WORK TO COMPLETE: Output all the data exactly. Pictures do not belong in the copy.

INFORMATION SUPPLIED:
..........
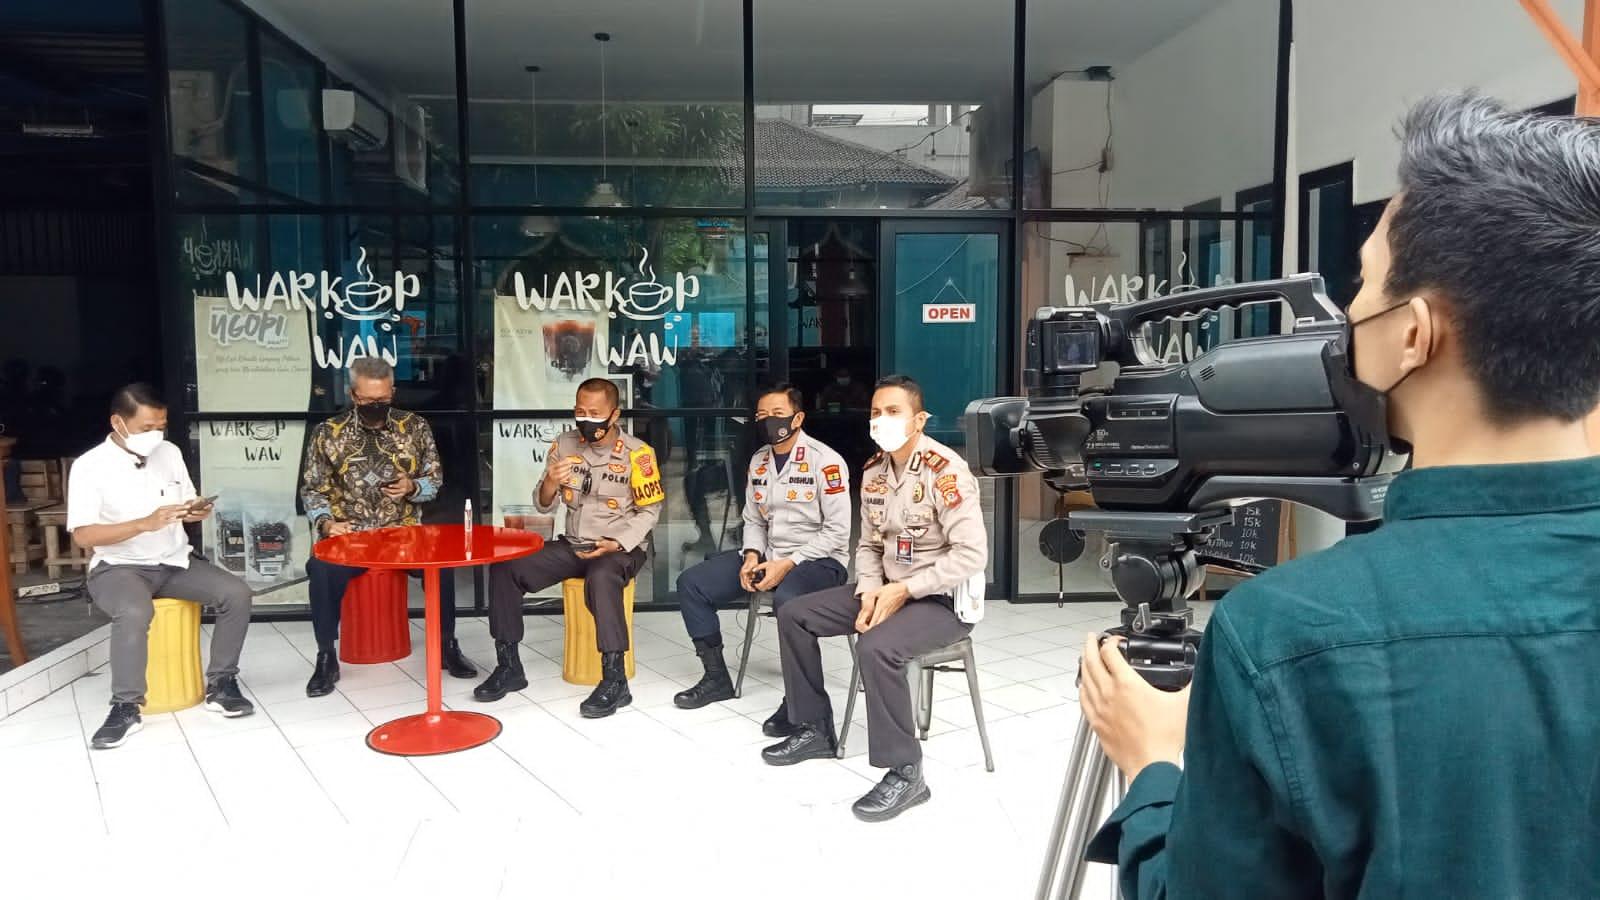 Kapolres Cirebon Kota Bersama Pemda Kota Cirebon Sosialisasi Penerapan Ganjil-genap
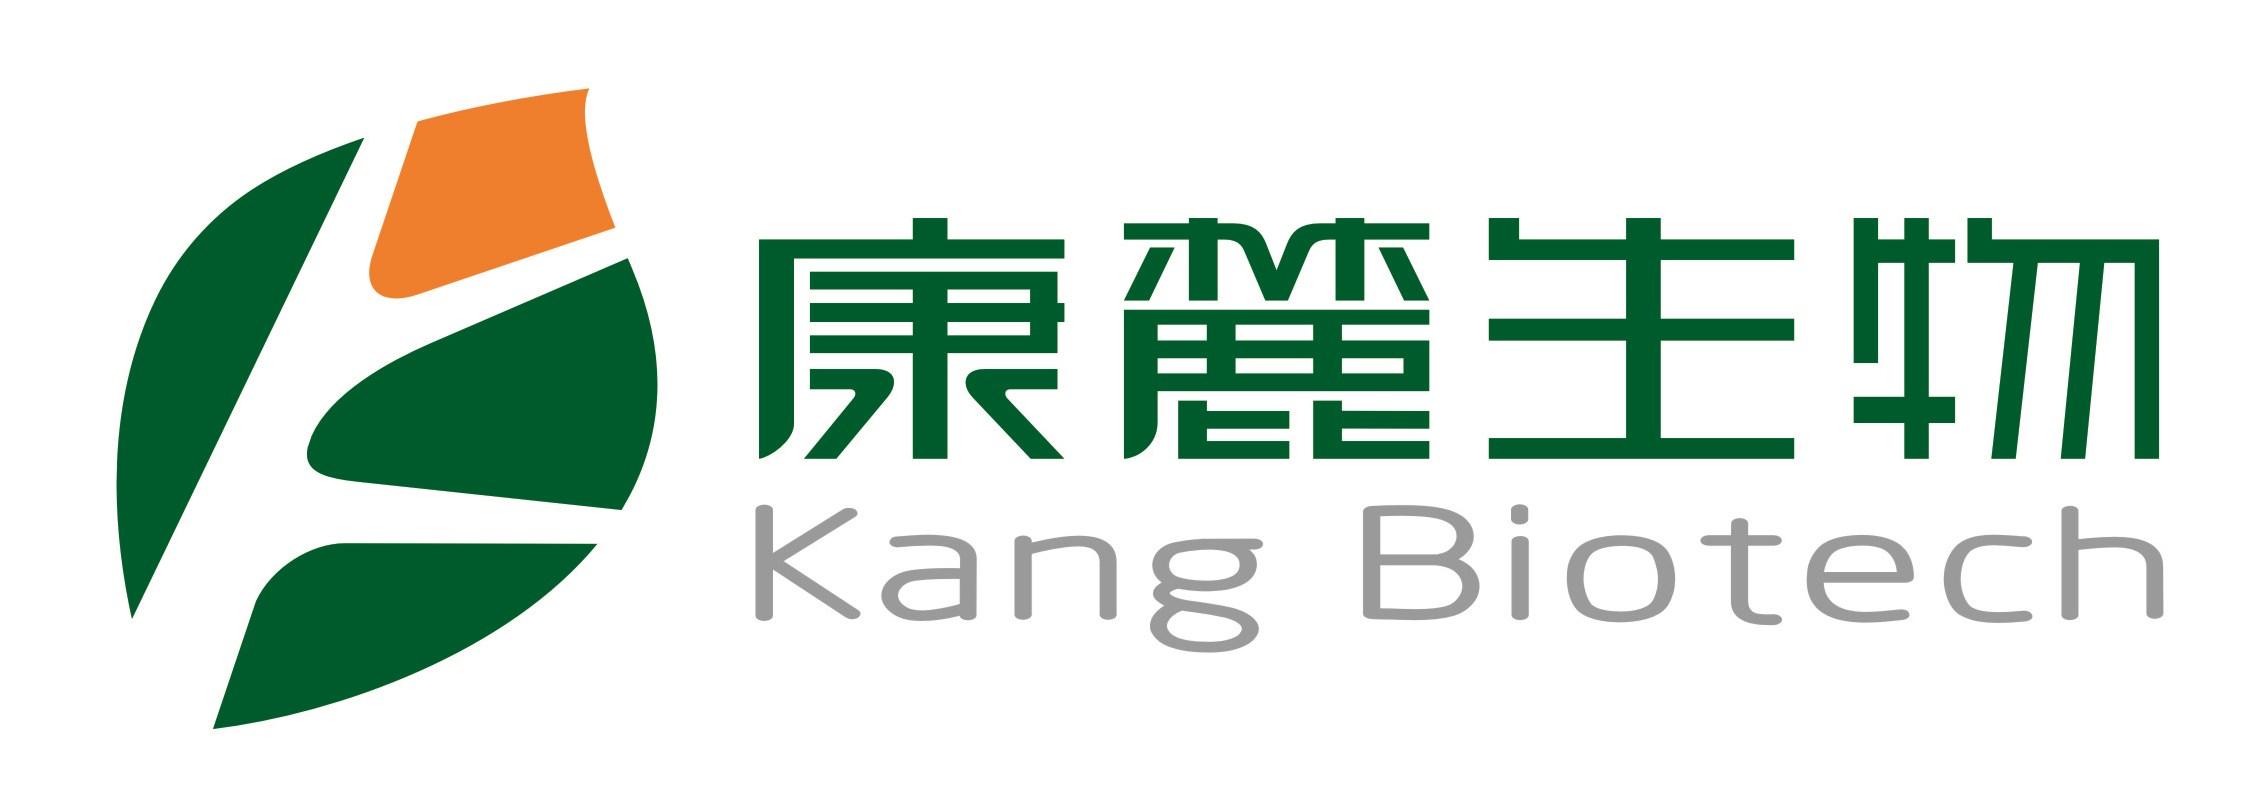 Hunan Kangbiotech Co., Ltd.
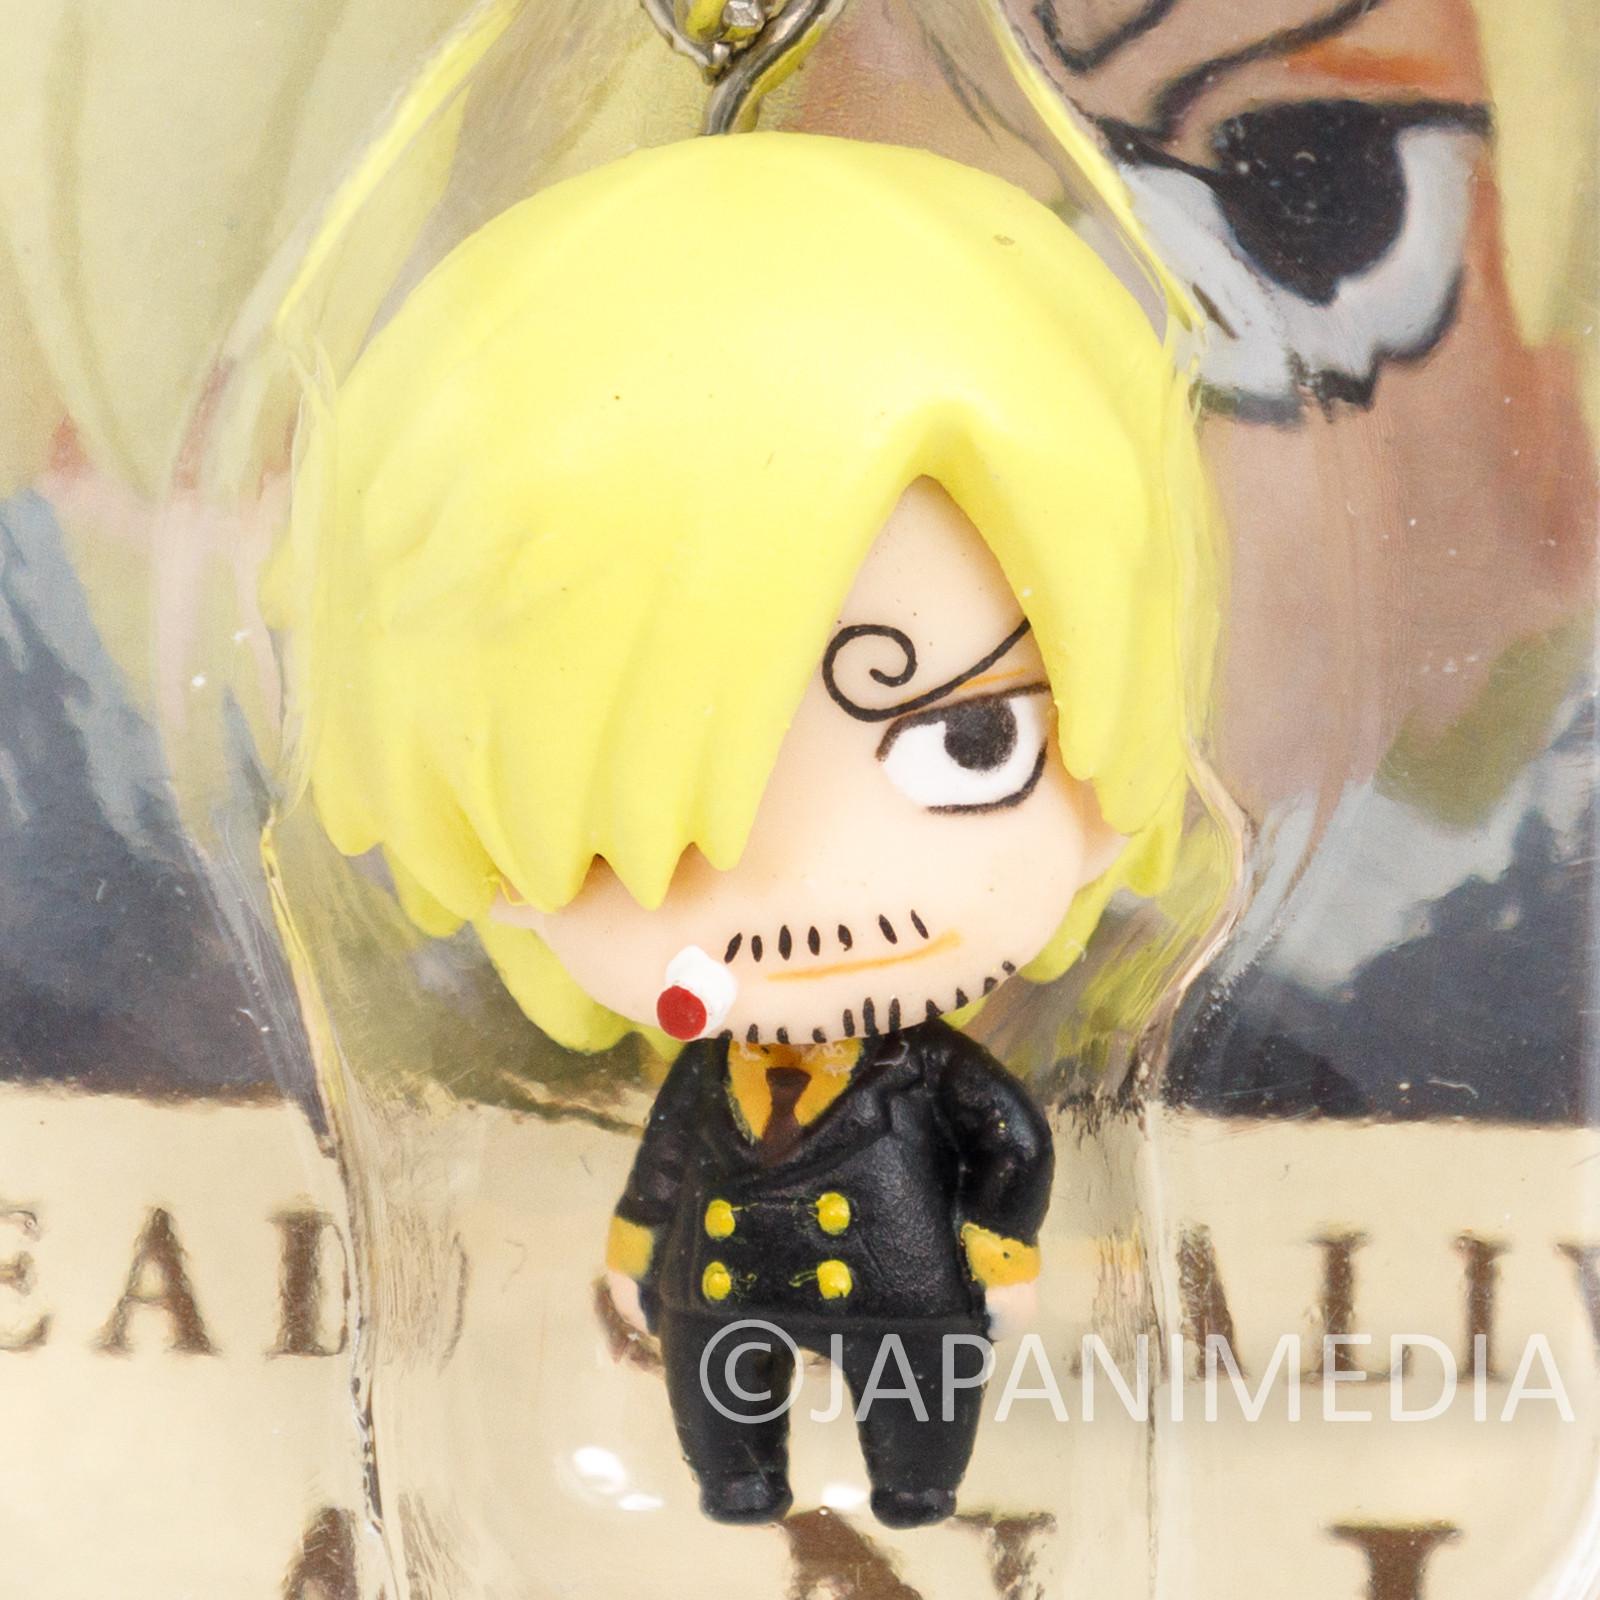 One Piece Vinsmoke Sanji Mini Figure Chara Fortune Megahouse JAPAN ANIME
..........
FINAL ANSWER:
 Kapolres Cirebon Kota Bersama Pemda Kota Cirebon Sosialisasi Penerapan Ganjil-genap
 Hunan Kangbiotech Co., Ltd.
 One Piece Vinsmoke Sanji Mini Figure Chara Fortune Megahouse JAPAN ANIME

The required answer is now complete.